Hi, I'm using Avira as my AV; it detected an exe in system volume information contains pattern of DR/MartShop.2 . The information says it's a 'dropper' and I searched my comp to find the files that they said DR/MartShop.2 would drop and ended up finding them. Avira has me "access deny" by default- I tried that but it just ends up prompting me again then I tried to 'move to quarantine' and I still get the detection prompt. I tried manually deleting some of the files but they seem to be in use so it won't let me. Any advice?

Please follow the steps below so we can help clean up your computer:

Download HijackThis™ here:
http://www.trendsecure.com/portal/en-US/th.../hijackthis.php

Click 'Do a System Scan and Save log'. The HJT log will open in notepad. Don't try to fix anything yourself.

Copy and paste the contents of the HJT log into a NEW TOPIC in "HijackThis Logs and Malware Removal"
http://www.bleepingcomputer.com/forums/forum22.html

Also include a link to this topic. Please be patient as our HJT team members work on serveral forums.

Also you can read the Preparation Guide for use before posting a HijackThis Log

I already had Avira delete the file acting like the dropper before I read your post; I'm going to DL the link and post in a few minutes but in the meantime this is the information that Avira has provided about some of the files that the dropper might have thrown in my system:

Files The following files are created:

– Non malicious files:
• %PROGRAM FILES%\SRCheckPermission.txt
• %home%\Application Data\ShoppingReport\cs\Config.xml
• %PROGRAM FILES%\ShoppingReport\Uninst.exe

– Temporary files that might be deleted afterwards:
• %TEMPDIR%\ns%random character string%.tmp\modern-header.bmp
• %TEMPDIR%\ns%random character string%.tmp\Uninst.dll

– %TEMPDIR%\ns%random character string%.tmp\InstallerHelperPlugin.dll Further investigation pointed out that this file is malware, too. Detected as: ADSPY/MartSho.dll.2

– %PROGRAM FILES%\ShoppingReport\Bin\2.0.24\ShoppingReport.dll Further investigation pointed out that this file is malware, too. Detected as: ADSPY/MartSho.dll.3

Registry The following registry keys are added:

– HKLM\SOFTWARE\ShoppingReport
• "LeftPaneTitle"="ShopperReports"
• "affid"="1000007001"
• "Version"="2.0.24"
• "ProductName"="ShopperReports"
• "SG_Not_Set"=dword:00000001

– HKCU\Software\ShoppingReport
• "CurrentPageNum"=dword:00000001
• "IEButtonPaneUrl_C9CCBB35"="cs.ShopperReports.com/cs/**********"
• "IEButtonPaneSize_C9CCBB35"="262"
• "IEButtonPaneOrient_C9CCBB35"="vertical"
• "IEButtonPaneUrl_A16AD1E9"="cs.ShopperReports.com/cs/**********
• "IEButtonPaneSize_A16AD1E9"="262"
• "IEButtonPaneOrient_A16AD1E9"="vertical"
• "CfgPrcs"=dword:00000001

– HKCR\BackLink\Clsid
• @="{fcbf906f-4080-11d1-a3ac-00c04fb950dc}"

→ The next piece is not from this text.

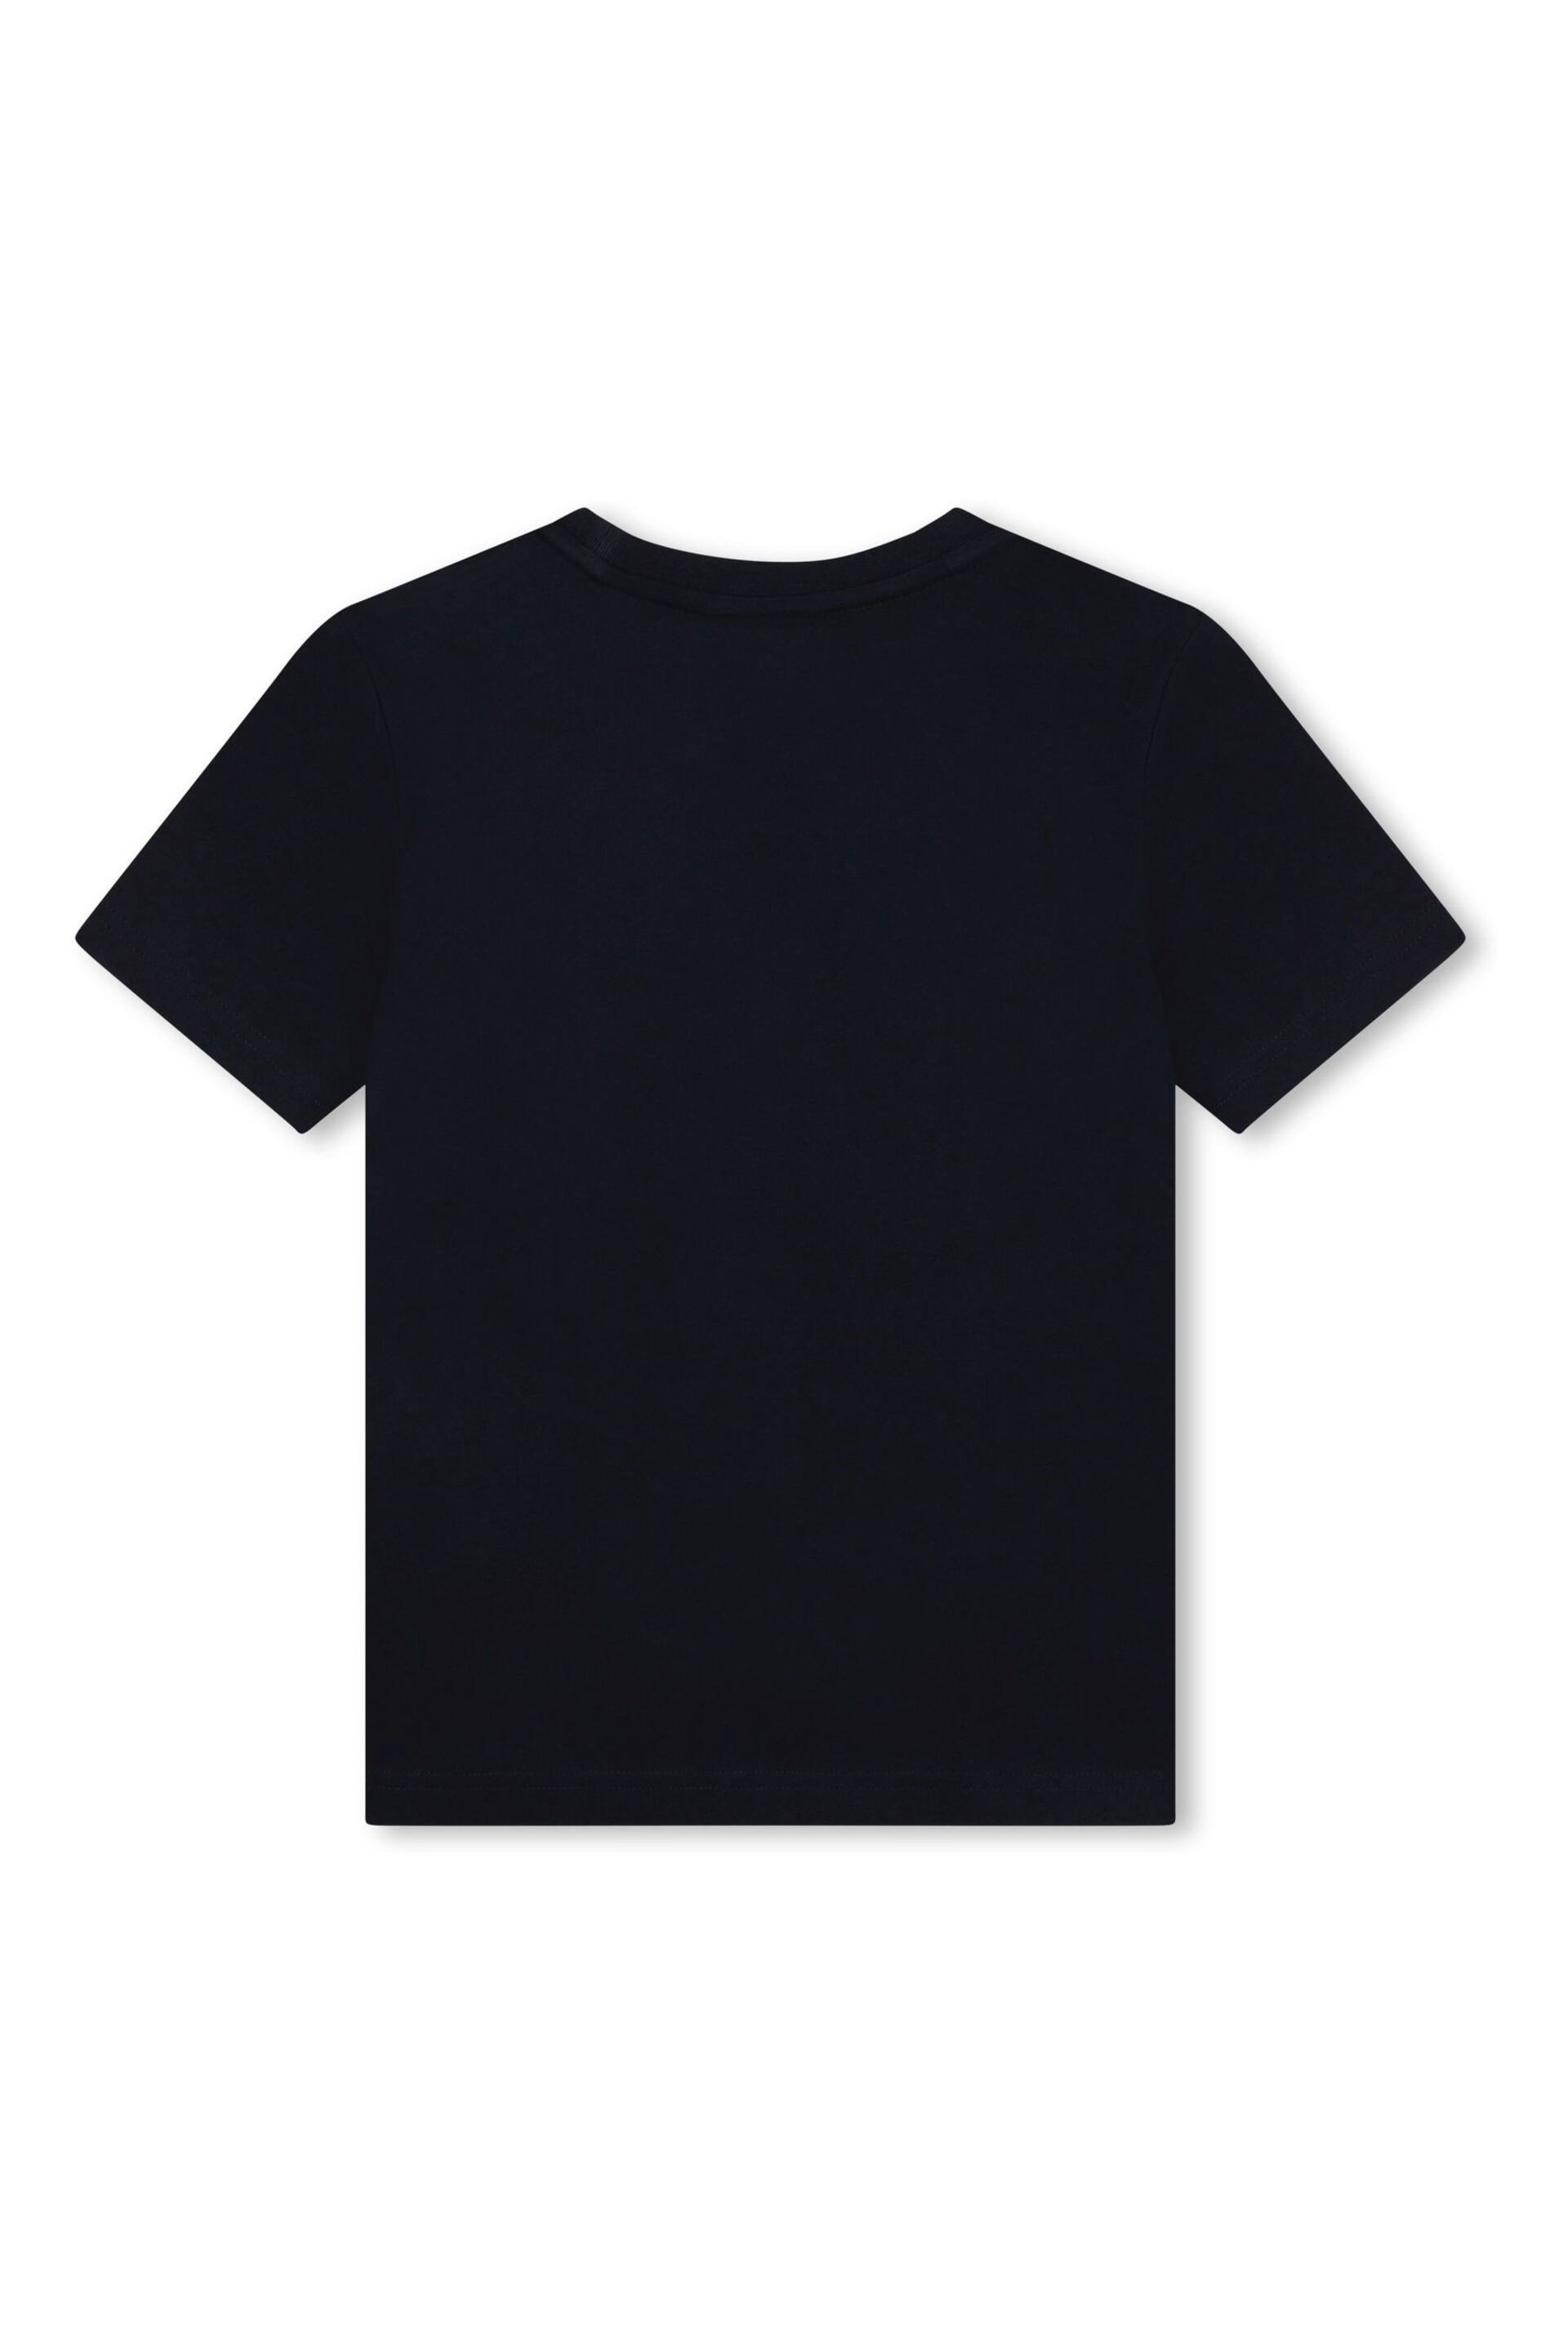 BOSS Dark Navy Blue Short Sleeved Logo T-Shirt - Image 2 of 3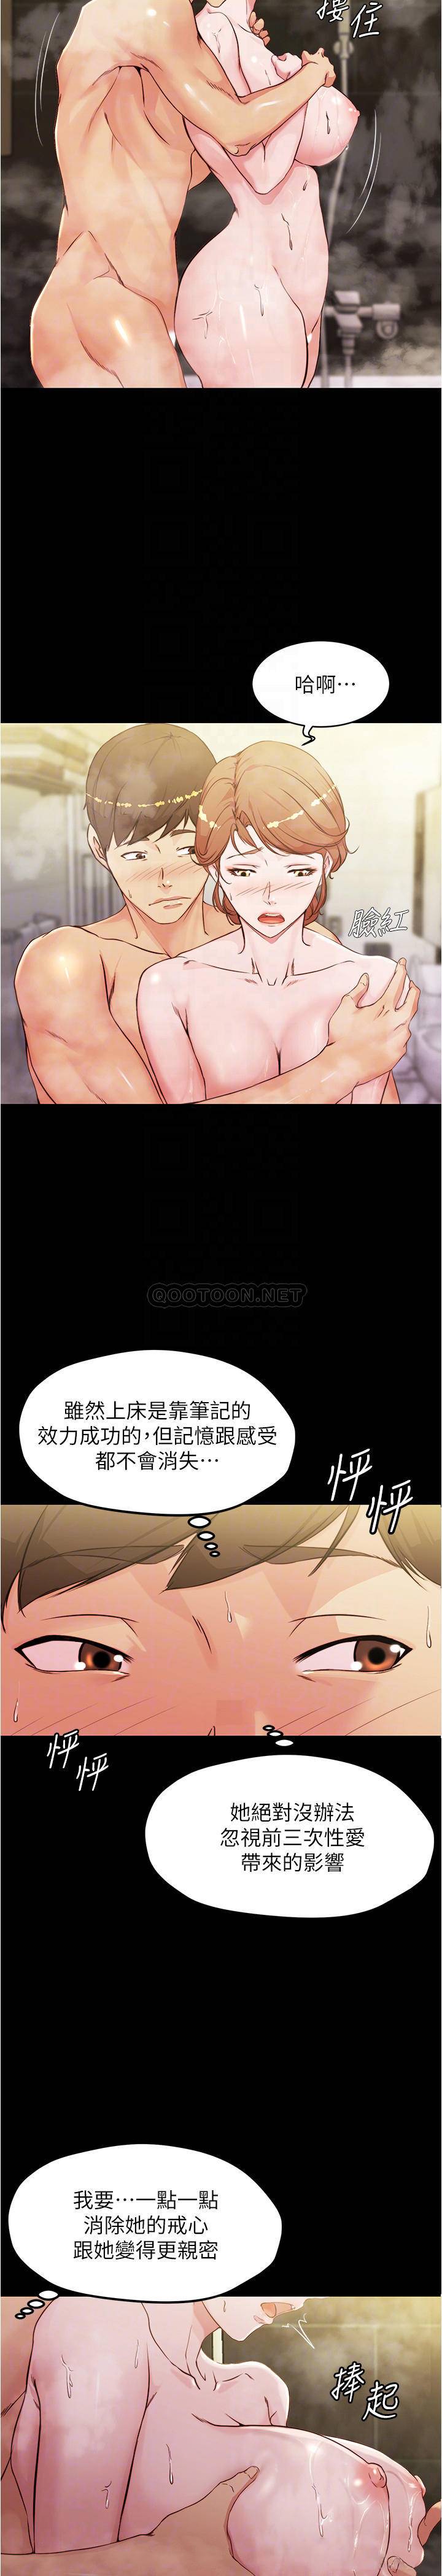 韩国污漫画 小褲褲筆記 第31话 - 你想再来一炮吧? 6

– HKLM\SOFTWARE\Microsoft\Windows\CurrentVersion\Uninstall\
ShoppingReport
• "DisplayIcon"="%PROGRAM FILES%\ShoppingReport\Uninst.exe"
• "DisplayName"="ShopperReports"
• "UninstallString"="%PROGRAM FILES%\ShoppingReport\Uninst.exe"
• "DisplayVersion"="2.0.24"
• "URLInfoAbout"="http://www.ShopperReports.com"
• "Publisher"="ShopperReports"

File details Runtime packer:
In order to aggravate detection and reduce size of the file it is packed with the following runtime packer:
• NSIS

Now that you have an open HJT log posted in the HijackThis Logs and Analysis forum, you shouldn't make any changes to your system.
Doing so, could change the results of the posted log, making it difficult to properly clean your system.

At this point, the HJT Team should be the only members that you take advice from, until they have verified your log as clean.

I'm closing this topic until you are cleared by the HJT Team.
If, after your log has been cleaned, you still need help, please PM a Moderator and we will re-open this topic.

If you have any questions, don't hesitate to send me a PM.